***** Source material

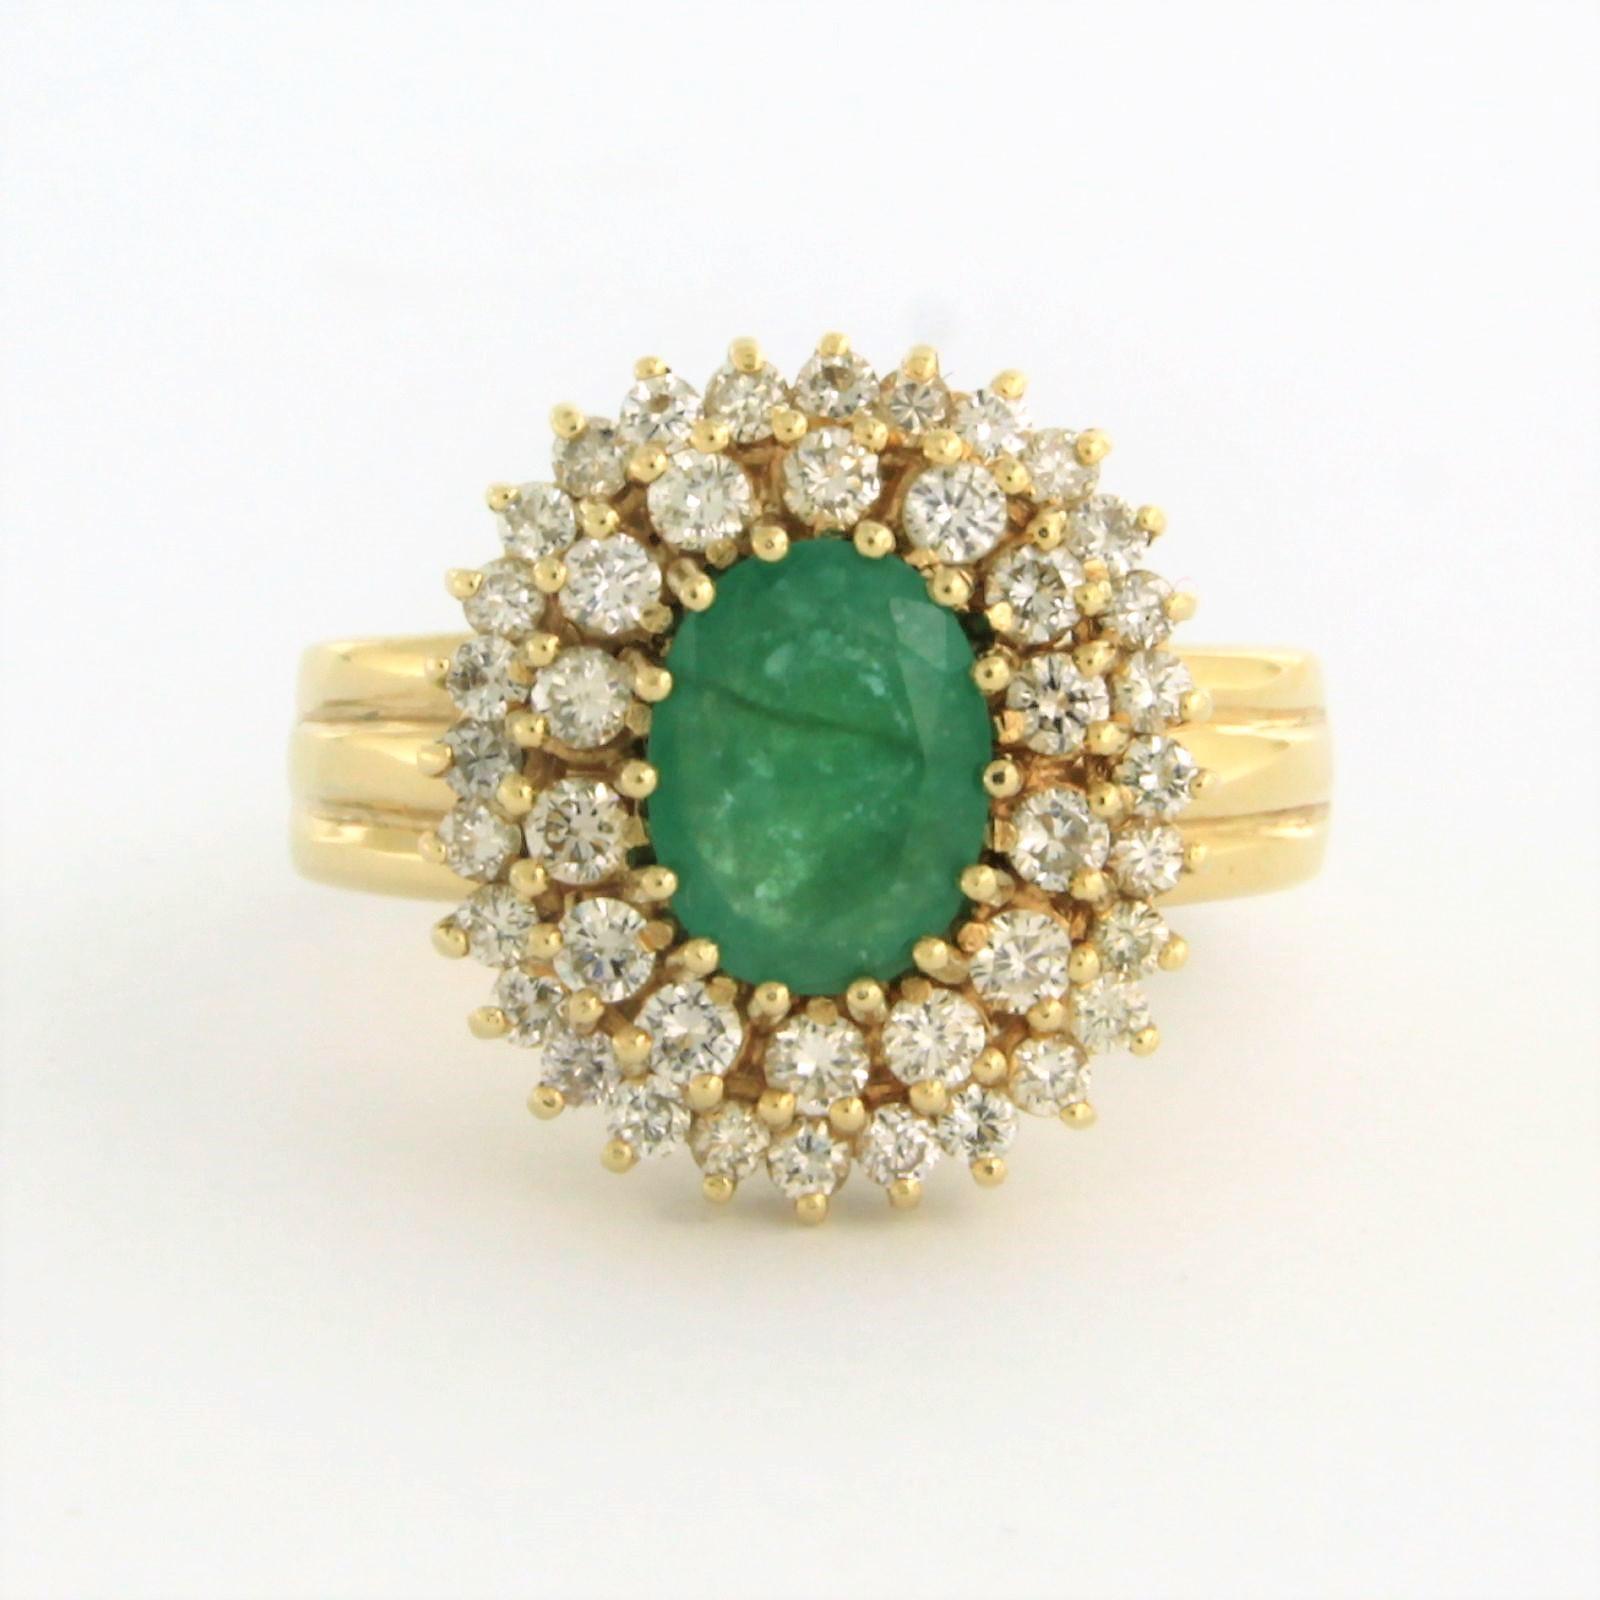 14k yellow entourage ring set with emerald. 1.10ct and an entourage of brilliant cut diamonds up to. 1.00ct – G/H – VS/SI – ring size U.S. 8.75 - EU. 18.75(59)

detailed description:

The top of the ring is in an oval shape of 1.7 cm by 1.5 cm wide

**********

__Exercise objective__
From the first line to the last, copy the listing above exactly and leave out the images.

__Written solution__
 14k yellow entourage ring set with emerald. 1.10ct and an entourage of brilliant cut diamonds up to. 1.00ct – G/H – VS/SI – ring size U.S. 8.75 - EU. 18.75(59)

detailed description:

The top of the ring is in an oval shape of 1.7 cm by 1.5 cm wide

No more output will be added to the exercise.